Cover V08, I11


Controlling Spam

David Wartell

As the systems administrator at any organization with a dedicated Internet connection already knows, unsolicited commercial email, or “spam”, is a hot topic. Users of your network, your co-workers, your boss, and even the government have something to say about unsolicited email, and none of it's nice. Tools and techniques for defending against spam and keeping it out of your organization's network have been the subject of many articles and books. While this problem definitely deserves the attention it is getting, there is another closely related problem lurking in your network.

This problem is how to stop users on your local network from sending unsolicited bulk email into the wilds of the Internet. Preventing users on your network from sending spam can be tricky. These individuals have already been given some level of trust if they have been allowed to connect to and use the resources of your organization's network. Your mail server has to be open to relaying from these user's computers if they are to send any email at all. And, tricks using reverse DNS lookups to test the validity of these user's hostnames won't do any good, at least if you have your DNS configuration in good working order. To cope with the problem, most organizations just post the industry standard acceptable use policy, maybe even make some users agree to it, and if the agreement is broken, the user's account can be removed to prevent further abuse.
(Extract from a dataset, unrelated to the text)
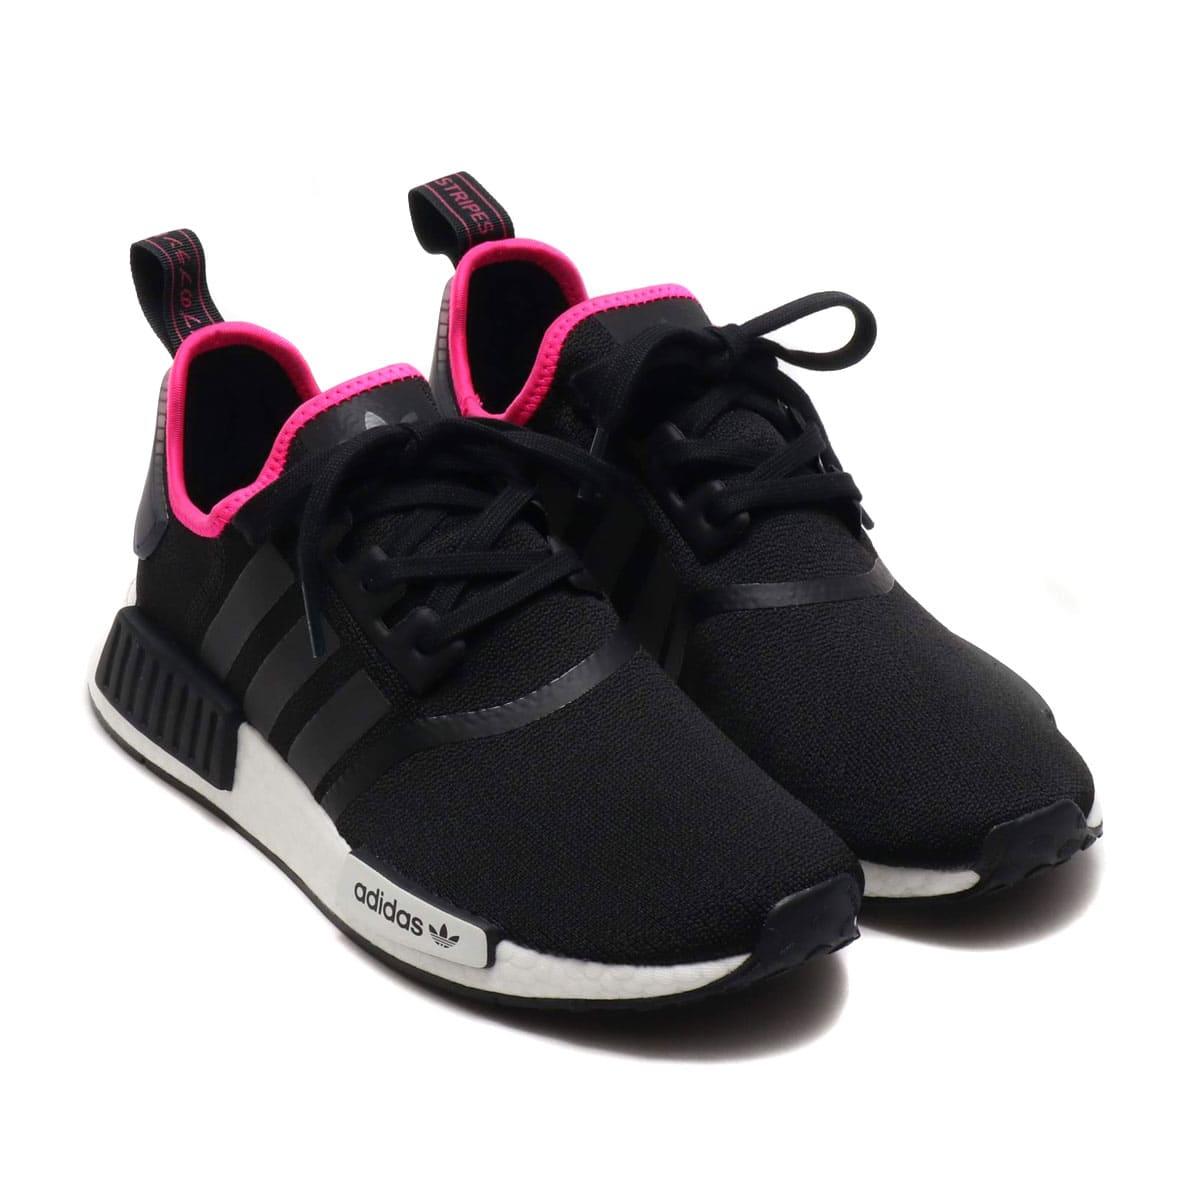 adidas Originals NMD_R1 CORE BLACK/CORE BLACK/SHOCK PINK 19SS-I_photo_large

This approach works, but there is a high price to pay. Valuable network bandwidth and CPU time may have already been consumed by tens of thousands of spam emails by the time the complaints start rolling in. Furthermore, your organization's reputation will have dropped a notch in the eyes of all of those who complained.

Sendmail Integration

After I received over five hundred complaint emails about a user on our network sending spam, I wrote a script to limit spam. The script is written in Perl and integrates with Sendmail by reading its log file once a minute and adding senders, or from addresses that meet certain criteria, to a file of senders who are blocked from relaying. To stop the senders from relaying, the script uses the check_mail ruleset in Sendmail. The check_mail ruleset is part of the anti-spam macro in Sendmail version 8.9, and must be installed in order for this script to work. I won't go into any detail on how to install and set up this ruleset because there have been several well-written articles on the subject. Michael Schwager's article, De-Spamming the Enterprise with Sendmail 8.9 (Sys Admin, February 1999) provides an excellent step-by-step rundown of setting up the ruleset.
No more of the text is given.